Recently, I covered pending legislative changes to Florida’s “Stand Your Ground” law. The bill (SB128) would require that in a Stand Your Ground case, the burden of proof would be on prosecutors to prove a defendant did not act in self-defense.
Under the current judicial environment, some Florida judges have ruled that the defendant who used deadly force is essentially required to prove his or her innocence. This is a concept completely at odds with a fundamental principle of American law: that one is innocent until proven guilty. SB128 is currently working its way through the Florida legislature.
Passage of SB128 will certainly improve the situation. But even if it does pass, be warned that Stand Your Ground is not some kind of legal “Kevlar vest” that somehow guarantees immunity. A perfect example is a Florida SYG claim that was finally adjudicated last week.
According to various news sources (NPR, ABC, FOX), “A retired Florida police captain who is accused of shooting and killing another man during an argument over texting in a movie theater will face trial after a judge rejected his ‘stand your ground’ defense.”
Curtis Reeves, Jr., 74, is charged with 2nd Degree Murder and Aggravated Battery. Mr. Reeves, a retired police captain, was with his wife at a showing of Lone Survivor in suburban Tampa in 2014 when he “got into a dispute with Chad Oulson, 43, because Oulson was texting during the previews.”

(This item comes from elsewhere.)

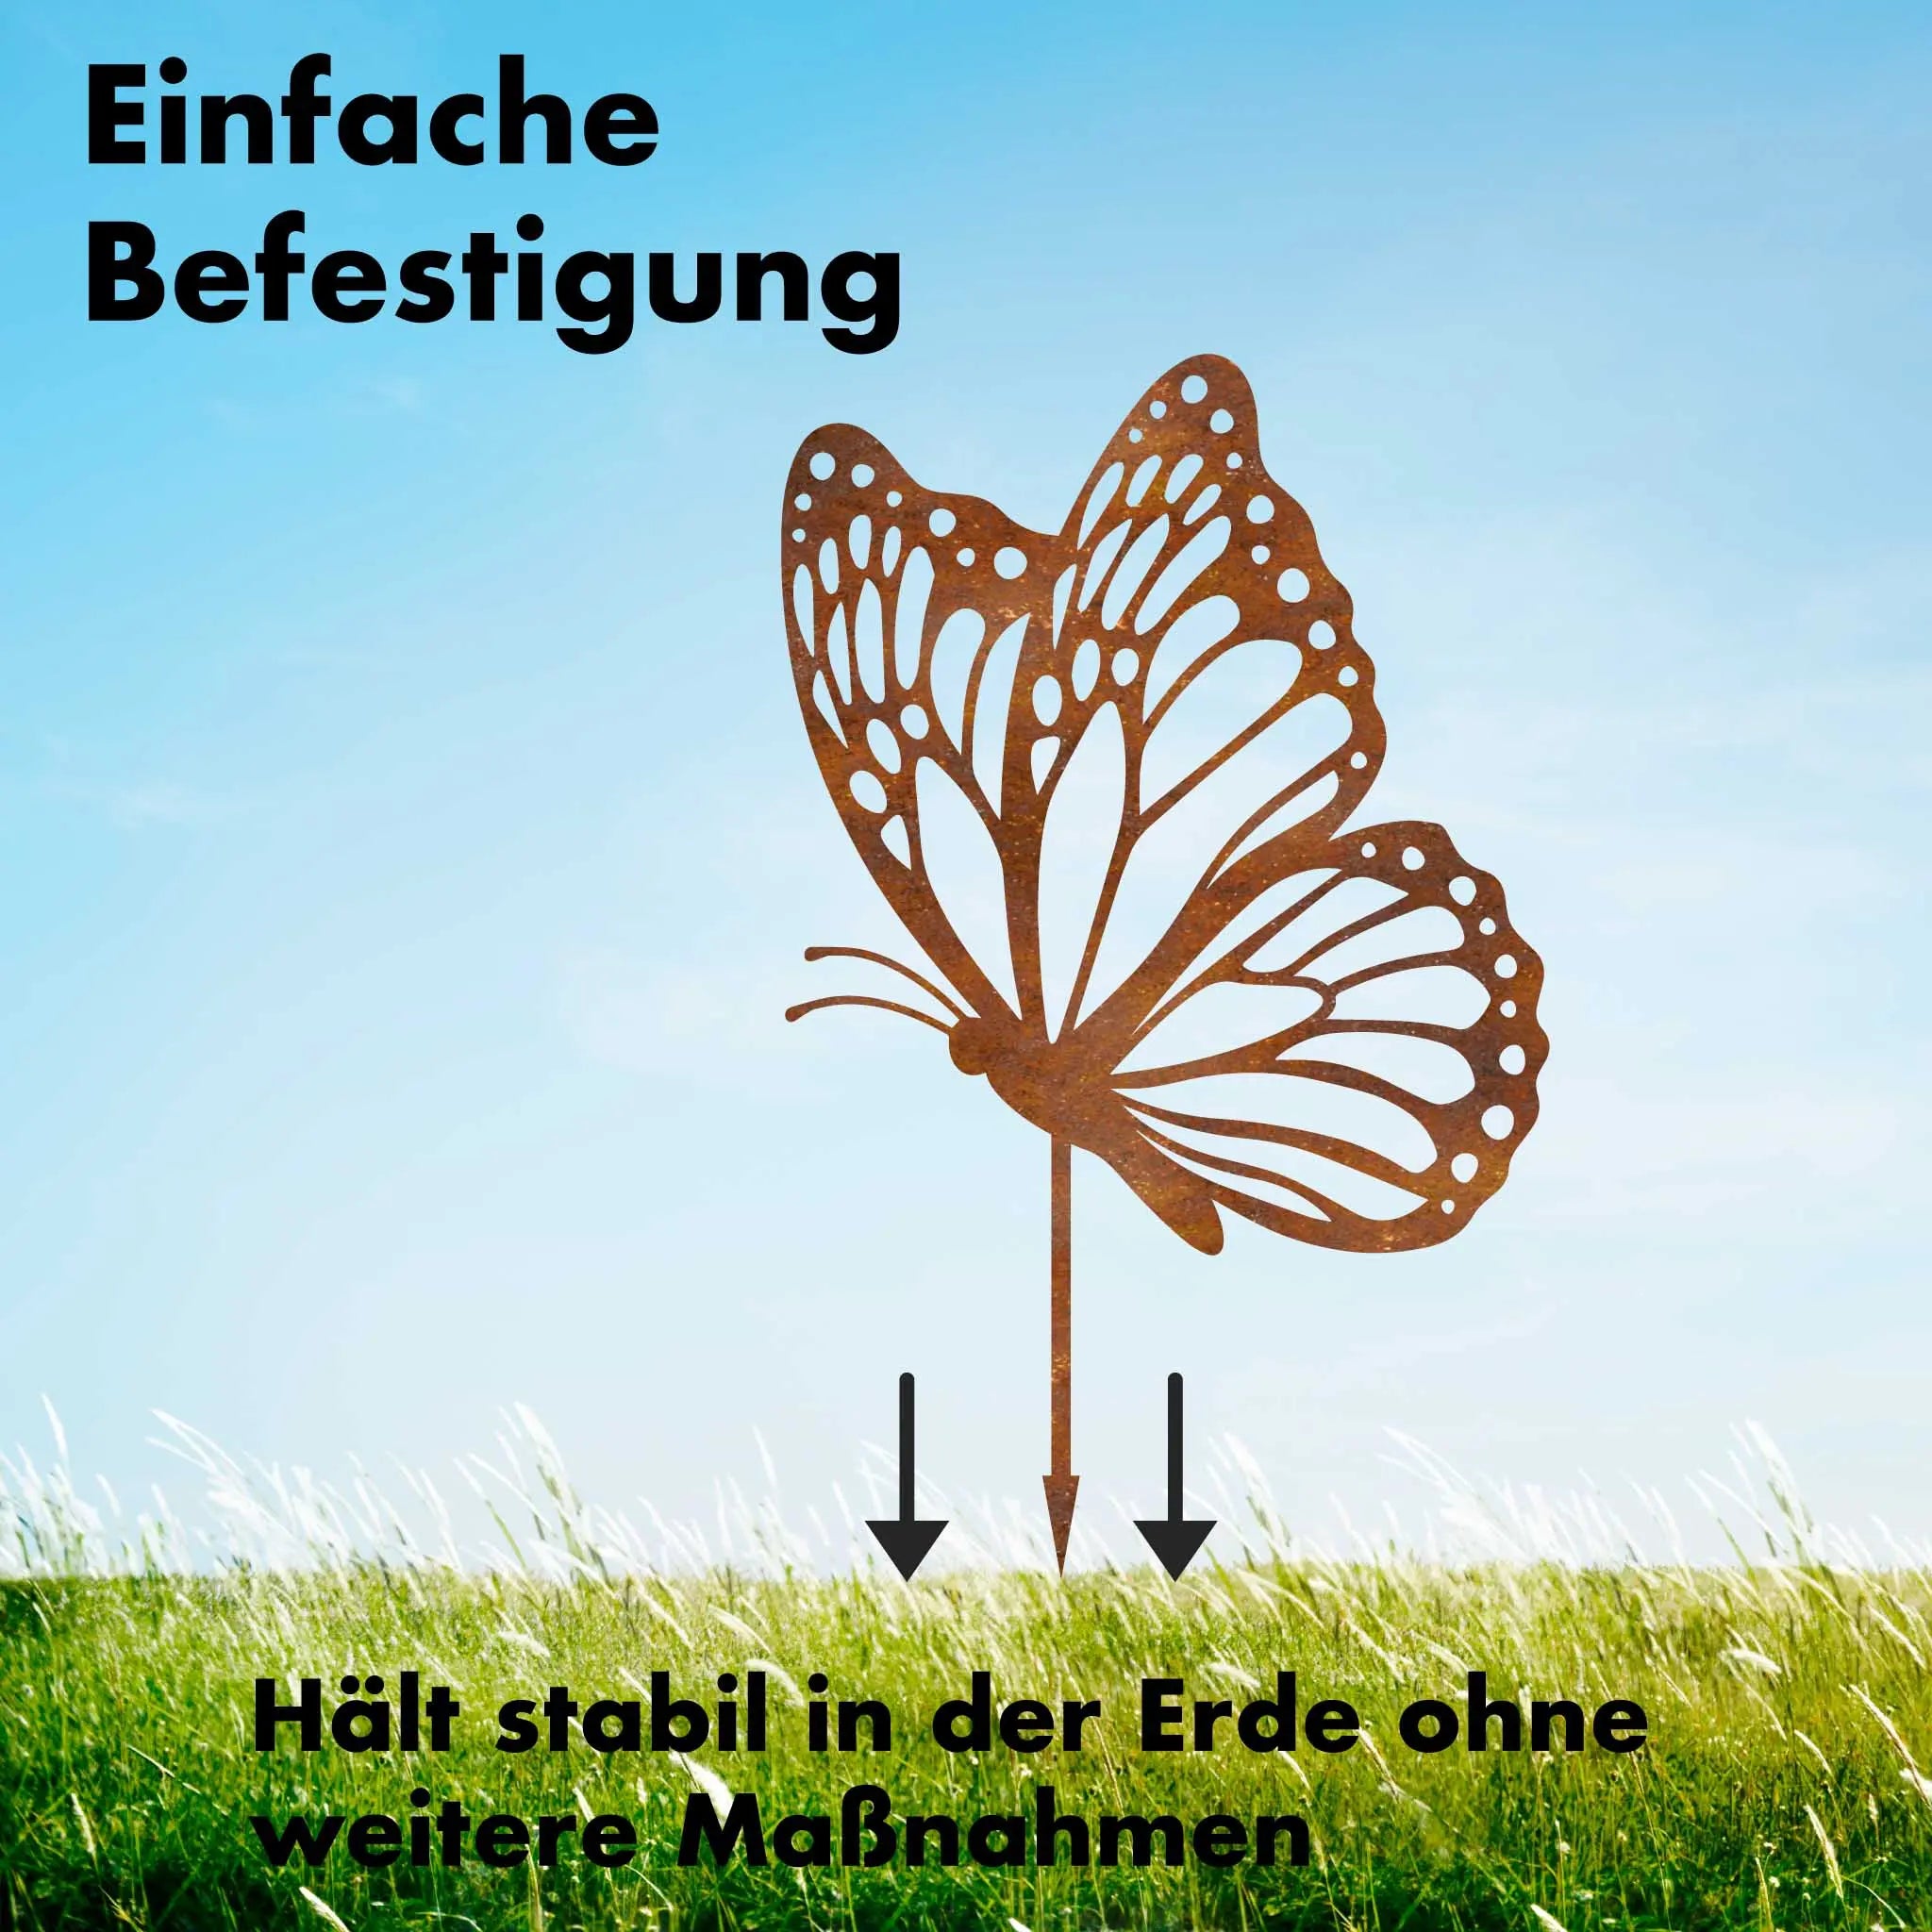 Fliegender Schmetterling -  Blumenstecker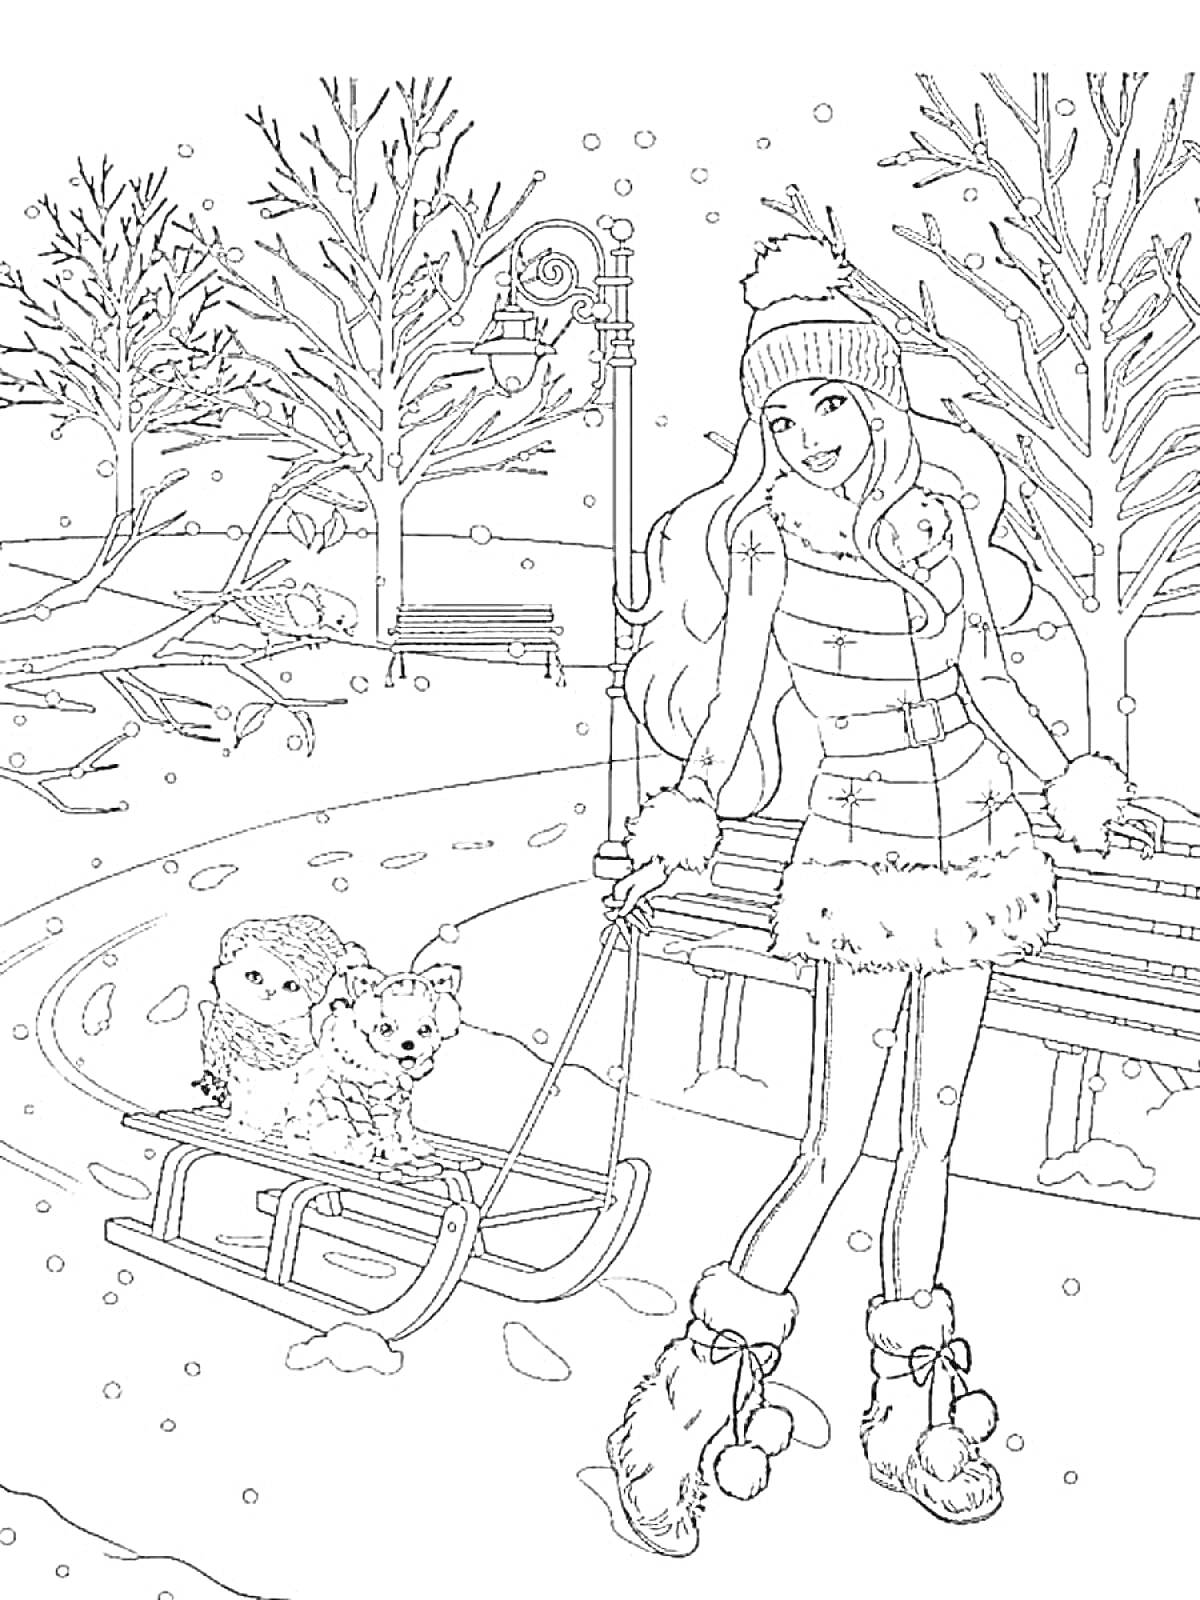 РаскраскаБарби в зимней одежде с шапкой, катящая санки с двумя собаками в зимнем парке с деревьями и скамейкой, снег

This case illustrates the kinds of elements that judges consider during a preliminary hearing to determine whether or not immunity from prosecution will be granted. Reeves claimed Oulson had hit him in the face with a cellphone, leaving him dazed.
But in the court order issued by Circuit Judge Susan Barthle, she states: “His [Reeves] conduct demonstrated that he was not afraid of the alleged victim: the defendant initiated contact with the alleged victim on at least three occasions,” and further that “video then shows the defendant lunge forward with his right arm extended, and fire at the alleged victim, who at that point was so far back from the defendant that he could not even be seen in the video anymore.” [Emphasis ours]
Additionally, Reeves’ police background actually worked against him. From the court order: “As he was trained extensively in handling firearms and dealing with conflict situations, he was better prepared than the average person to deal with situations such as this one.”
Even Reeves’ physical stature was referenced by the judge: “Furthermore, the defendant did not appear to be frail by any means; on the contrary, he is a large and robust man. He also appeared quite self-assured when he was testifying, and certainly did not appear to be a man who was afraid of anyone.”
Finally, the ruling concludes: “After careful consideration of all of the evidence provided in this case, this court finds that the defendant did not credibly demonstrate that he reasonably believed it was necessary for him to use deadly force in this situation, therefore, defendant’s motion is DENIED.”
Sad to say, even if his case were heard under the new rules as outlined in the pending SB128, Mr. Reeves would likely have suffered the same result. He just had too many things going against him.
All of us who carry should learn from cases like this. Even “defense-friendly” statutes like Stand Your Ground will not protect us if we’ve violated basic principles of self-defense.